Лет сорок, морщинки, синяки под глазами из-за недосыпа, руки как у шахтера в мозолях, но... он точно не шахтер.
— Ну да, успешно. — обернулся обратно к сердцу, и человеку, в которого его запихнули.
Я его не знаю, но не могу не признать — ему оно нужнее, чем мне. Без него он умрет! Мгновенно, здесь и сейчас. А я останусь жить, так или иначе. Хотя я и предположить не мог, что медицина наша за последние пять лет так далеко шагнула, что и мертвые органы научилась оживлять, еще живым пришивая.
Я ведь могу приказать ему остановиться и умереть! Легко. Могу приказать сделать вид, что отторгается телом. И даже могу заставить покинуть тело самостоятельно, и оно, как сгусток мышь, накаченных препаратами, и моей Силой, покинет чужой дом страшной каракатицей, просочившись сквозь свежий шов наружу.
Оно, сердце, сытое, не поврежденное, насыщенное кислородом от аппарата искусственной вентиляции легких, пусть и растерянное и дезориентированное... легко сделает это! Стоит только приказать. И ему будет плевать, что «дома» ждет голод и разруха. Дом, это где родные... я точно брежу наяву!

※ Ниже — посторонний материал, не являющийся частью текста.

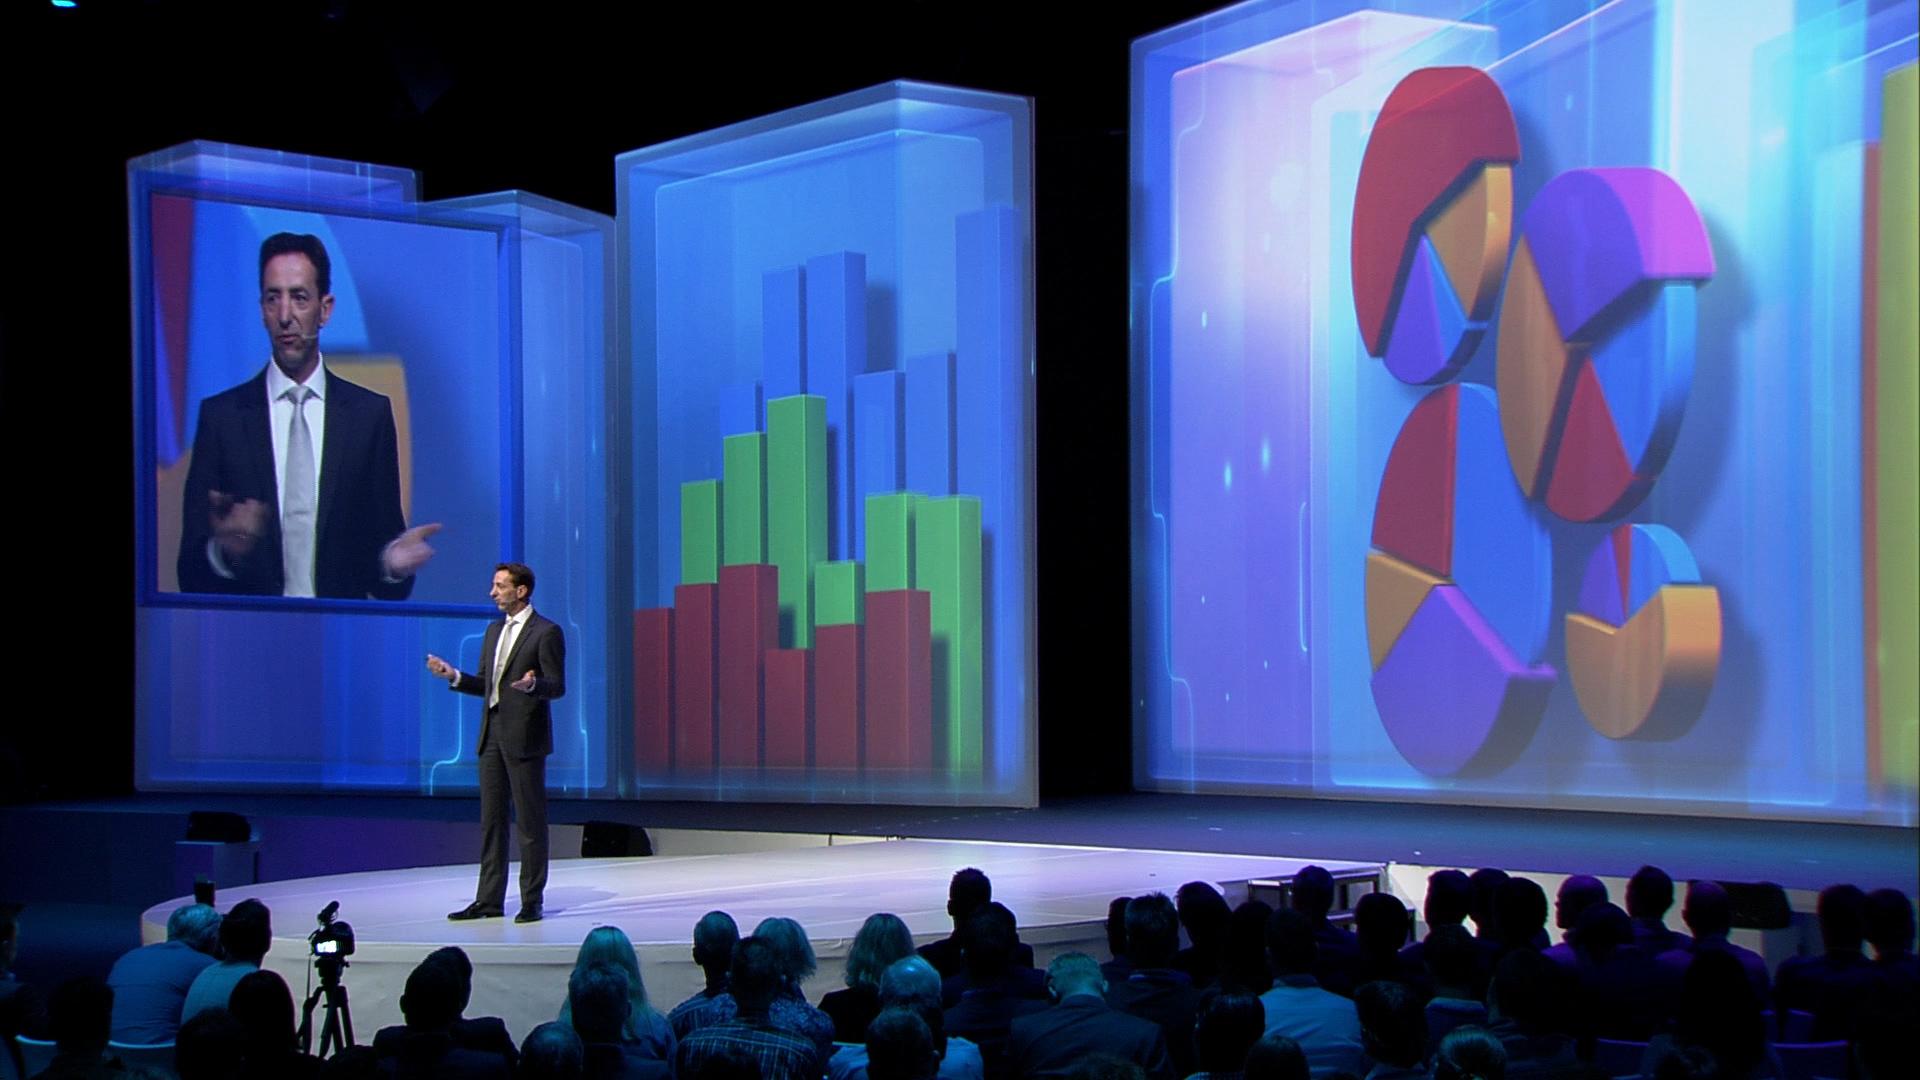 NBC Congress Center 4K projection technology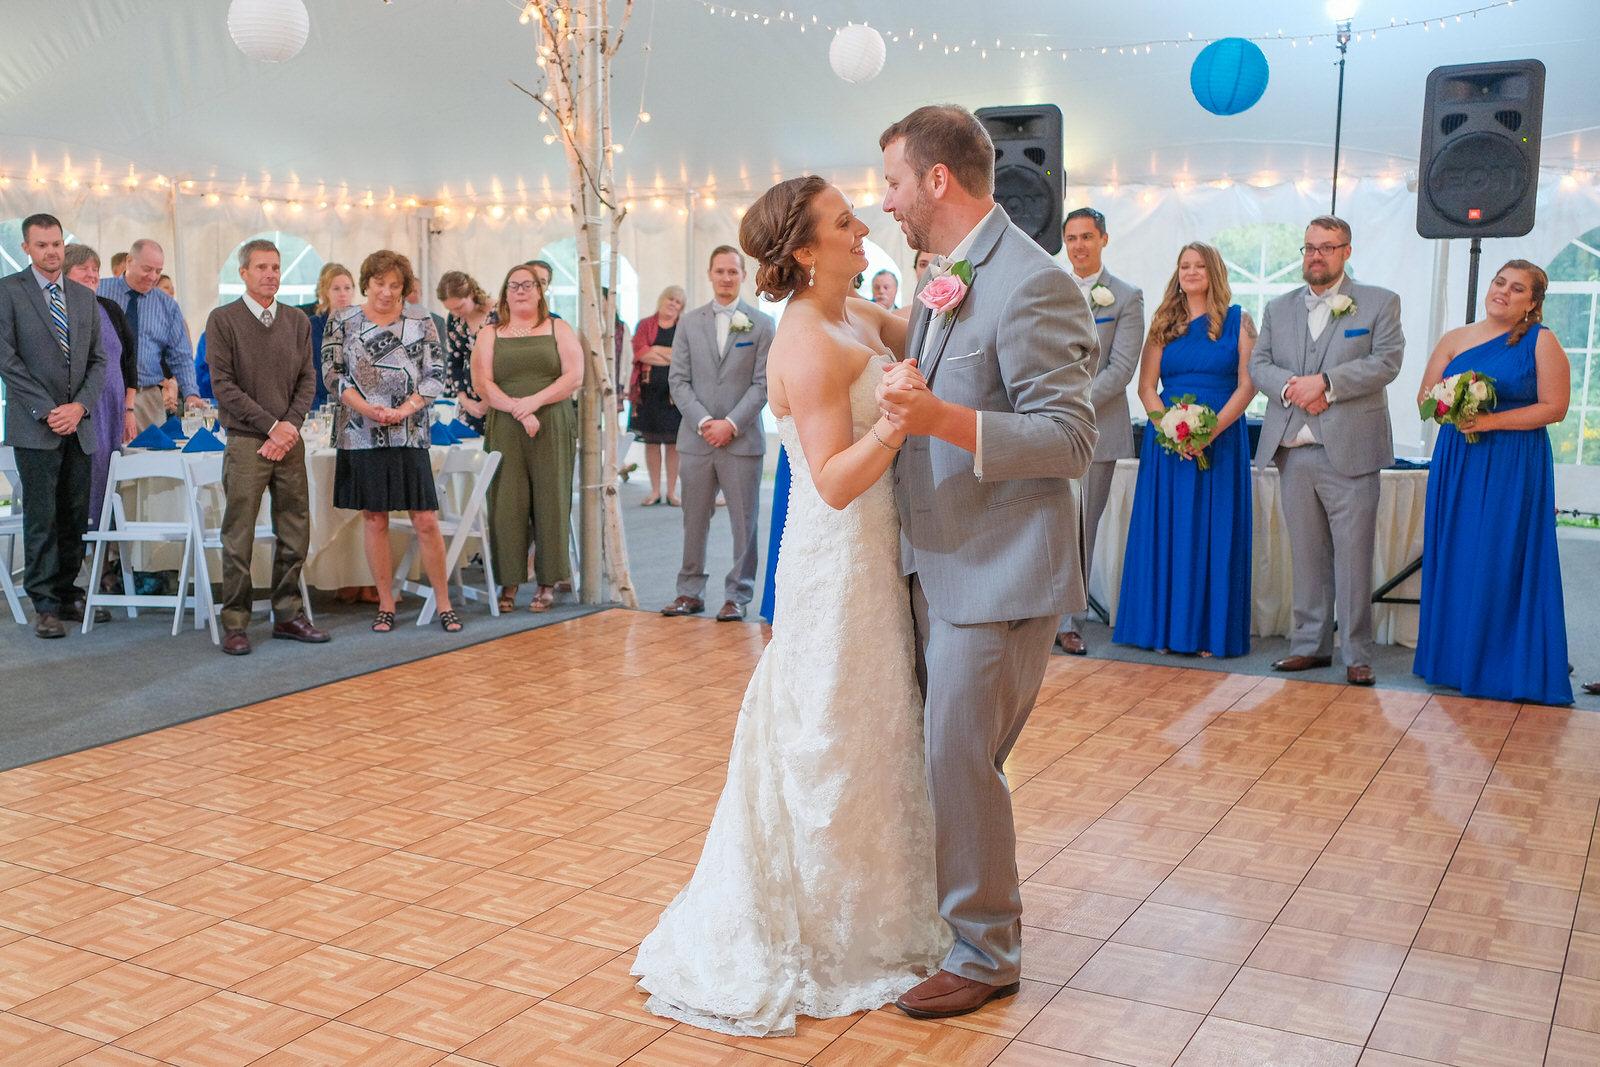 waterville-valley-wedding-photography-1387.jpg

Могу, но это всё его убьет. Человека, живого думающего и настоящего! А не жалкое сердце, что просто орган, за который даже думаю я сам. Ответ в уравнении очевиден:
— Живи! — приказал я своему сердечку в чужом теле, ложа руку на ткань поверх свежих швов.
И рваный пульс тут же выровнялся, клапана перестали сбоить и кашлять, а давление, всего за несколько минут, дошло до идеала человека.
— Ты будешь жить с моим сердцем покуда не сдохнешь по собственной глупости! Не будешь помнить, не будешь знать... — краем глаза заметил ошалелый вид хлопающего глазами человека в халате, ведь легкие, пользуясь моментом спокойствия и передышки, не в тему запустились сами — а ты, всего лишь орган, занимай свое законное место пусть и в чужом теле. И всех, кто будет против — шли лесом.
Нет, не так. — додумал я уже в своих мыслях, понимая, что тут уж больно много лишних ушей, а я как бы страдаю фигней — если слать всех, начнется отторжение. Так что не воюй со своим телом, важный орган! Будь его частью. — и повернулся к ничего непонимающему свидетелю, убирая руку с ткани.
— Де...
— Спи. — расстояние — метр, шаг, удар в незащищенное солнечное сплетение, и аккуратно подхватываю утратившее сознание сипящее тело.
Тихонько стону от отбитых связок, что умудрились при столь незначительном ударе сами себя повредить, и, осмотревшись, оттаскиваю доктора к стульчаку в углу, волоча тело по полу.
Усаживая поудобнее, кряхтя беззвучно, и наблюдая как халат на моей груди обретает свежее алое пятно. Наваливаю на стенку, и на стол локтём, так, чтобы точно не упал, и вообще — просто прикорнул бедняга. И вновь переключаю внимание на обвешенное приборами тело. Осматриваю экраны с многочисленными показаниями. Пульс, кислород в крови, активность мозга, еще там что-то, непонятное.